Challenges using Docker
In order to use the Docker version of UCVM, users must be comfortable using UCVM from the command line. Once the UCVM container is running, Users issues standard command line UCVM queries, such as "ucvm_query".
In addition, users must be comfortable invoking the container on their system. There is an expected directory structure, specifically, there should be a subdirectory in the location where the command is issued. This is to facilitate sharing of files between the users' local host with the running Docker container. In this documentation, we have designated 'target' subdirectory as the common subdirectory. Also, the Docker invocation includes parameters (--rm and -it) with single and double dashes, environment variable references $(pwd), and operating system level commands (e.g. mount, bind). Although the invocation looks complex, once the container is running, it works much like a standard UCVM installations.
Distribution Format
To help avoid large Docker images, we put one CVM into each image. The rational is that you can retrieve as many of the images as you like, but you do not get all UCVM models in a single Docker image, because that image would be excessively large.

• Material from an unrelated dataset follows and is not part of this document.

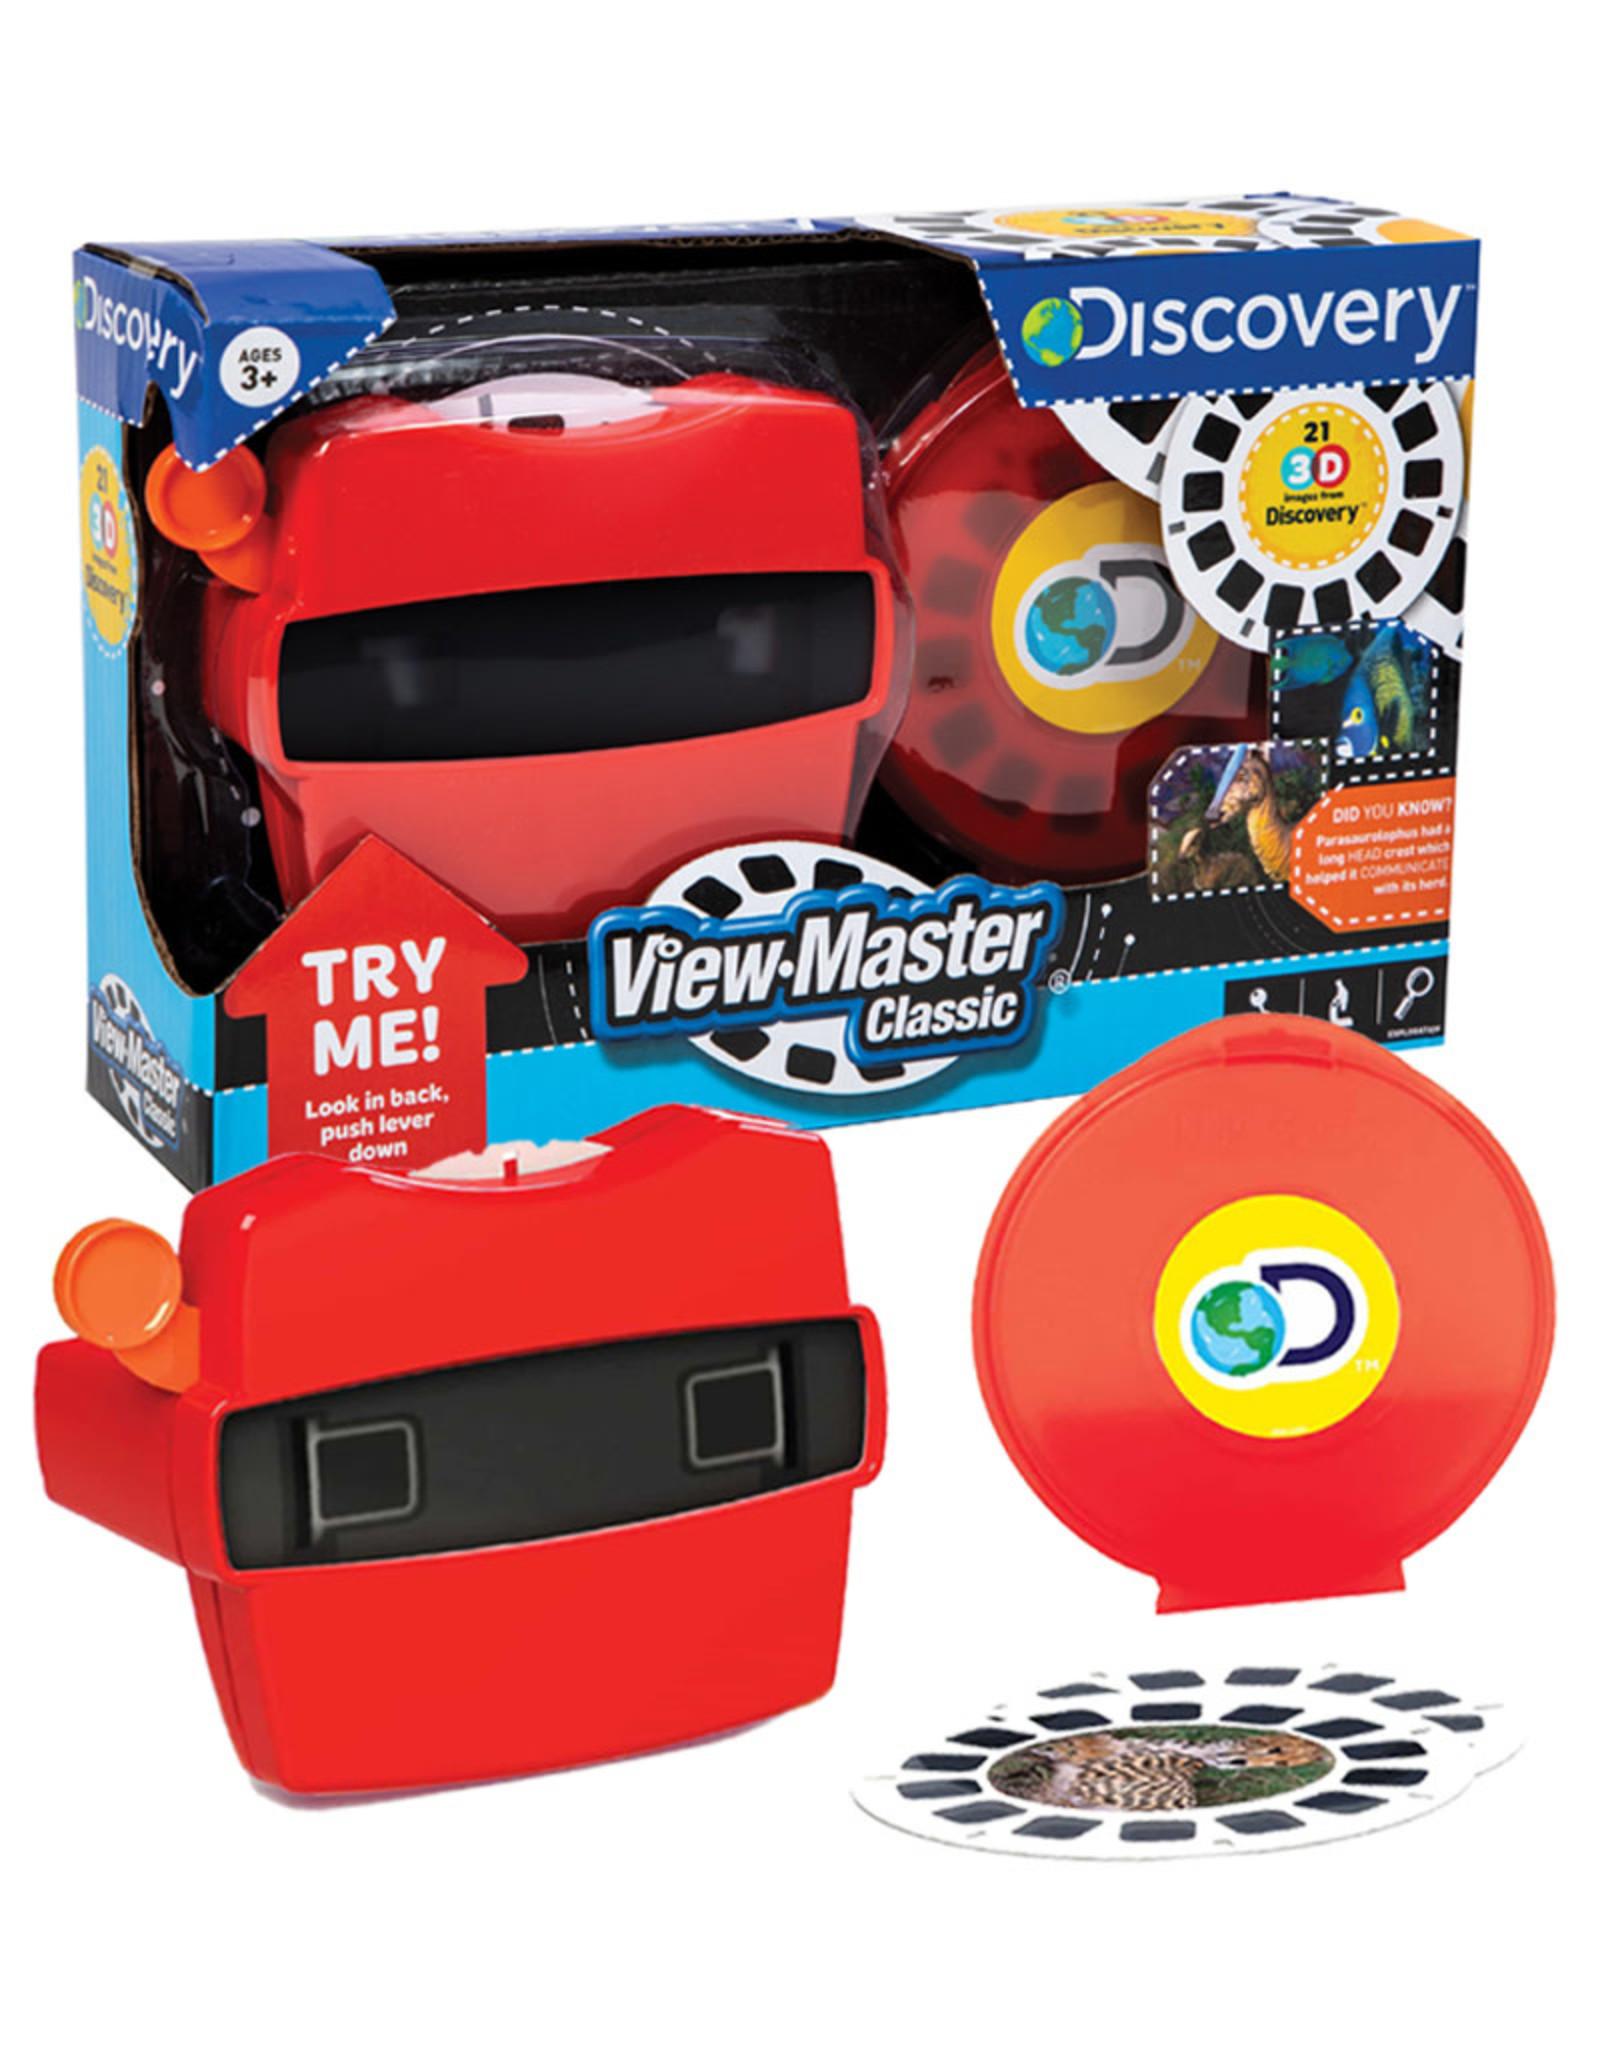 View-Master Classic  ( Retro Toy )

Potential Benefits to using UCVM Docker Images
- If full UCVM software installation is not needed, running UCVM Docker images is simple.
- UCVM software is now portable to previously unsupported operating systems including Mac and Windows.
- Docker images with individual models require less disk space on users computers. Users can retreieve and/or remove images easily.
Potential Limitations
- Users must work within limits of images and local computers. UCVM is used on supercomputers, for example, to build simulation meshes. The docker version of UCVM may not work for this purpose on laptops. There may be a query limit on number of inputs points that an image can query. So users need to understand large-scale usage will probably require native installation of UCVM on Linux systems with MPI.
- Users cannot "tile" seismic veloicty models. UCVM Tiling allows users to specify a list of velocity models (e.g. -m cvms5,cvmh,cvms) and UCVM will query them in order until it finds material properties defined for a given point. All models referenced in the -m model list must be installed for this UCVM command to work. If you wish to tile multiple seismic velocity models, users may need to do a full UCVM installation on a linux system and install all needed models.